Synook

Parsing RSS feeds using PHP

RSS is a popular format for syndicating news and other periodicals. There are many readers and aggregators for RSS available already, but sometimes you may want to display a certain feed on a website. In this article we’ll go through a simple way of parsing these feeds using PHP and the DOMDocument class.

If you haven’t used DOMDocument before, it is a really nifty tool for accessing, parsing and updating XML documents, as it allows you to traverse and manipulate the structure through standard Document Object Model methods, unlike other PHP XML readers, which had their own, well, slightly odd implementations.

First, we need to create the DOMDocument instance and load the RSS feed for processing.

$rss = new DOMDocument();
$rss->load("http://domain.com/feed.rss");

Then, we get need to create a for loop that will iterate through the <item> elements, to extract the contents. The getElementsByTagName() method will retrieve a DOMNodeList of elements matching that name. Fortunately, this is accessable through foreach, just like an array.

$items = $rss->getElementsByTagName("item");
foreach ($items as $item) { //code below goes here }

Inside the foreach loop, we then use getElementsByTagName again to extract the information we want, namely the <title>, <link>, and <pubDate>. Here though, since the RSS DTD states that we can only have one title, link and pubDate per item, we don’t have to construct a loop and instead can just access the first (and only) instance of that nodename. From that, we can use the nodeValue property to get the contents of the element.
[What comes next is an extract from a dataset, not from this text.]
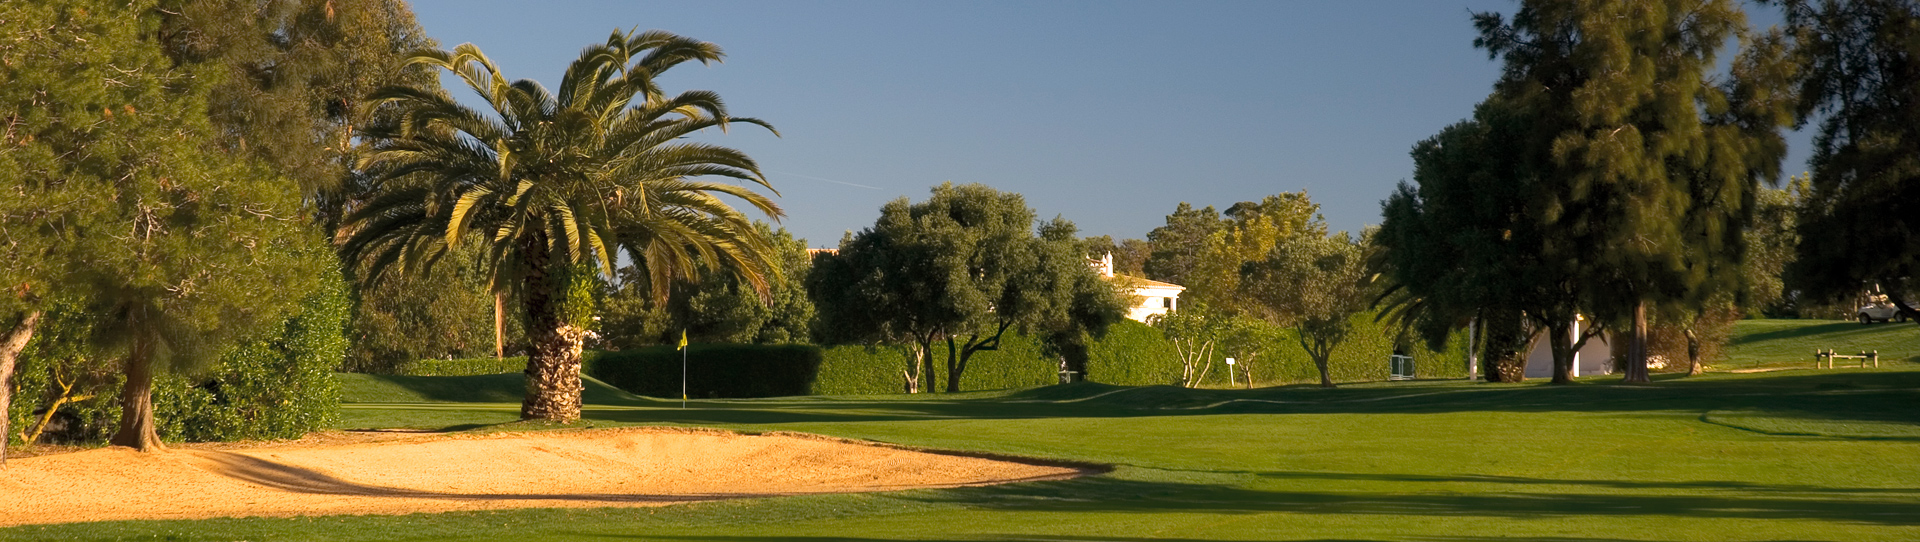 Portugal golf courses - Alto Golf Course - Photo 1

$title = $item->getElementsByTagName("title")->item(0)->nodeValue;
$link = $item->getElementsByTagName("link")->item(0)->nodeValue;
$time = $item->getElementsByTagName("pubDate")->item(0)->nodeValue;

Only one more thing to do – in RSS feeds the time is in RFC 2822 format, while we want it in a more readable form. Therefore, we first use strtotime() to convert it into a UNIX timestamp, then date() to format it the way we want. All that’s left to do after that, is echo! Of course, since we are in a loop here that process will be repeated for every <item> node.

$time = date("j M g:i a", strtotime($time));
echo "<a href=\"$link\">$title</a> $time<br />";

That’s all! Of course, this technique can be expanded to include other information such as author details and category metadata.